2 Respondents-Appellants Goldberg Lindsay & Co. LLC and Michael Dees
(together, Appellants) appeal from two judgments of the United States District
Court for the Southern District of New York (Kaplan, J.), the first granting an
application for discovery pursuant to
28 U.S.C. § 1782filed by Petitioner-Appellee
B&C KB Holding GmbH (B&C), and the second denying a motion to quash filed
by Appellants. Section 1782 permits a district court, “upon the application of any
interested person,” to order a person within its jurisdiction “to produce a
document or other thing for use in a proceeding in a foreign or international
tribunal[.]”
28 U.S.C. § 1782(a). B&C, a private company based in Austria, filed
a Section 1782 application seeking discovery from Appellants for use in a pending
criminal investigation in Austria related to alleged misconduct at the European-
based Schur group. B&C acquired Schur in 2021, a transaction facilitated in part
by Appellants. Shortly after filing criminal complaints against several executives
at Schur, B&C also commenced arbitration proceedings against related entities
before a panel of the German Arbitration Institute (DIS).
Appellants opposed B&C’s Section 1782 application below based primarily
on the claim that the application was a ruse to obtain discovery for use in the
German arbitration. The magistrate judge and district judge disagreed and
3 granted B&C’s application, finding no evidence that B&C’s asserted interest in the
discovery for use in the criminal investigations was pretextual. Appellants
timely appealed, renewing their pretext argument.

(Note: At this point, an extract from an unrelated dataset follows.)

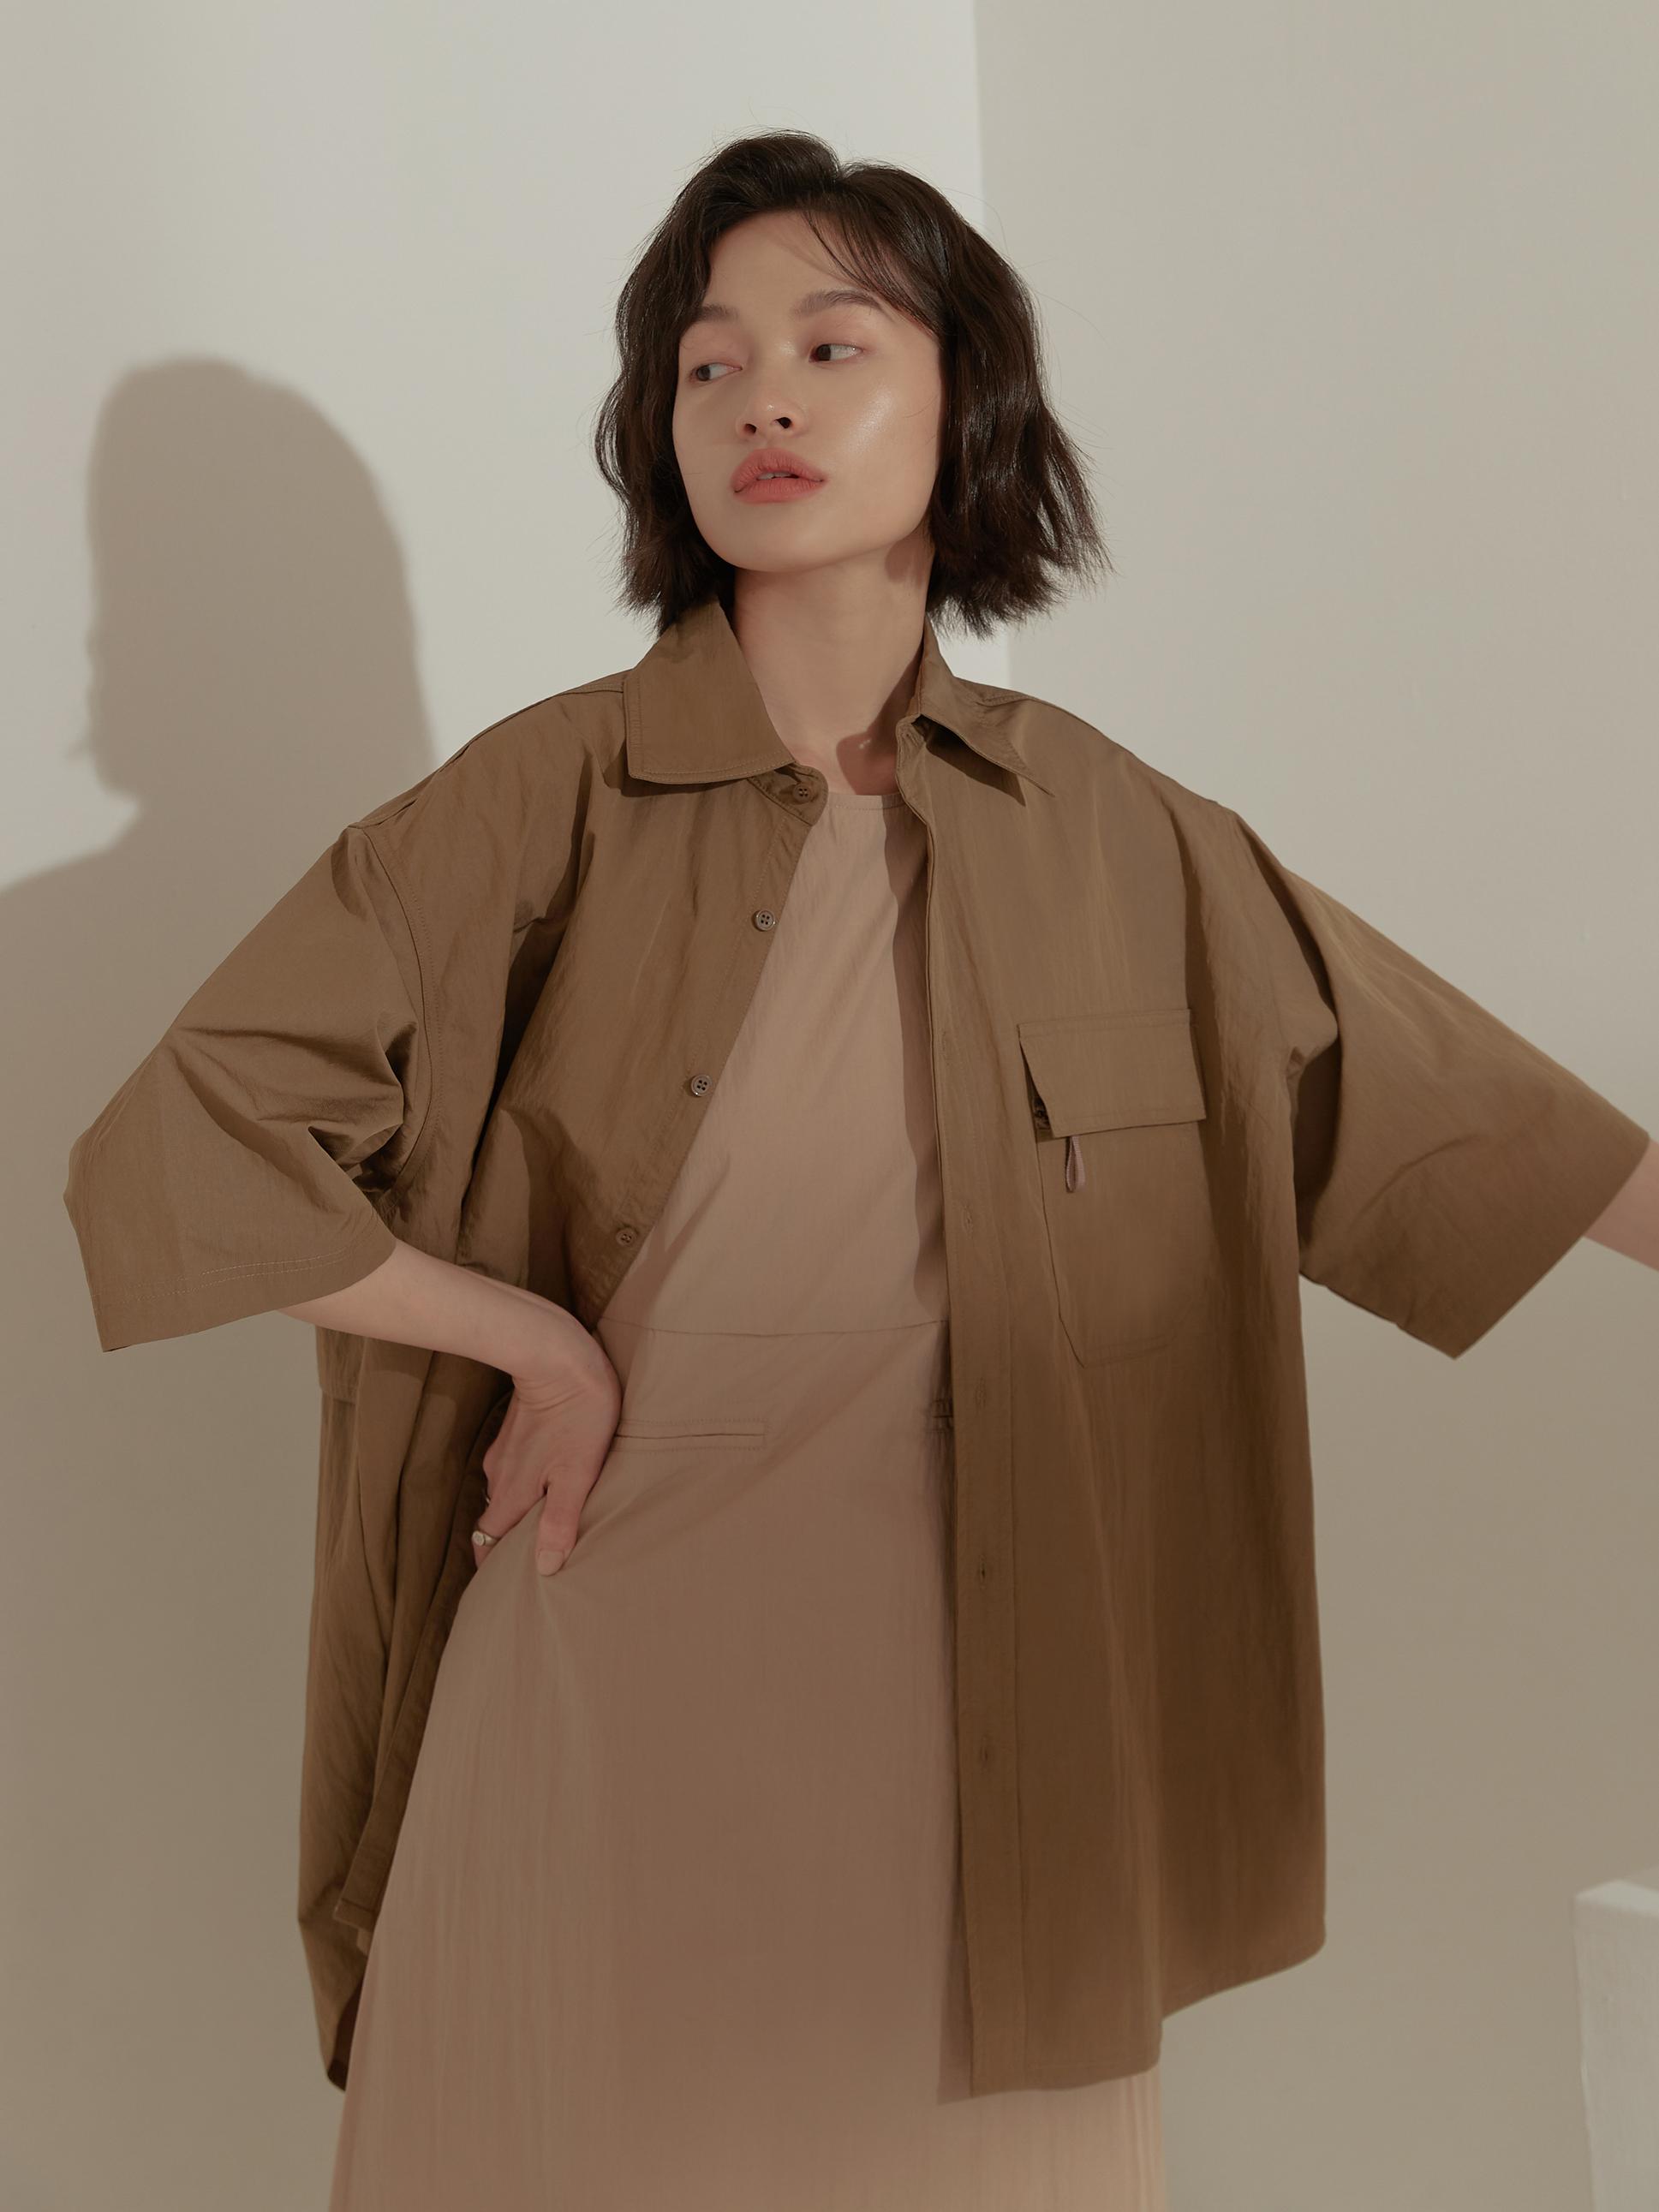 輕薄風衣材質五分袖襯衫-mouggan

Shortly after appealing the district court’s decision to grant the Section 1782
application, Appellants filed a motion to quash or narrow B&C’s subpoenas, or
alternatively for a use restriction. The magistrate judge denied the motion to
quash but granted a limited use restriction. Specifically, the magistrate judge
imposed a use restriction prohibiting B&C from using the requested discovery in
the German arbitration without permission from the Austrian prosecutor.
Appellants then filed objections to the magistrate judge’s order, which the district
judge subsequently overruled and denied. Appellants timely appealed, and we
granted their motion to consolidate the two appeals.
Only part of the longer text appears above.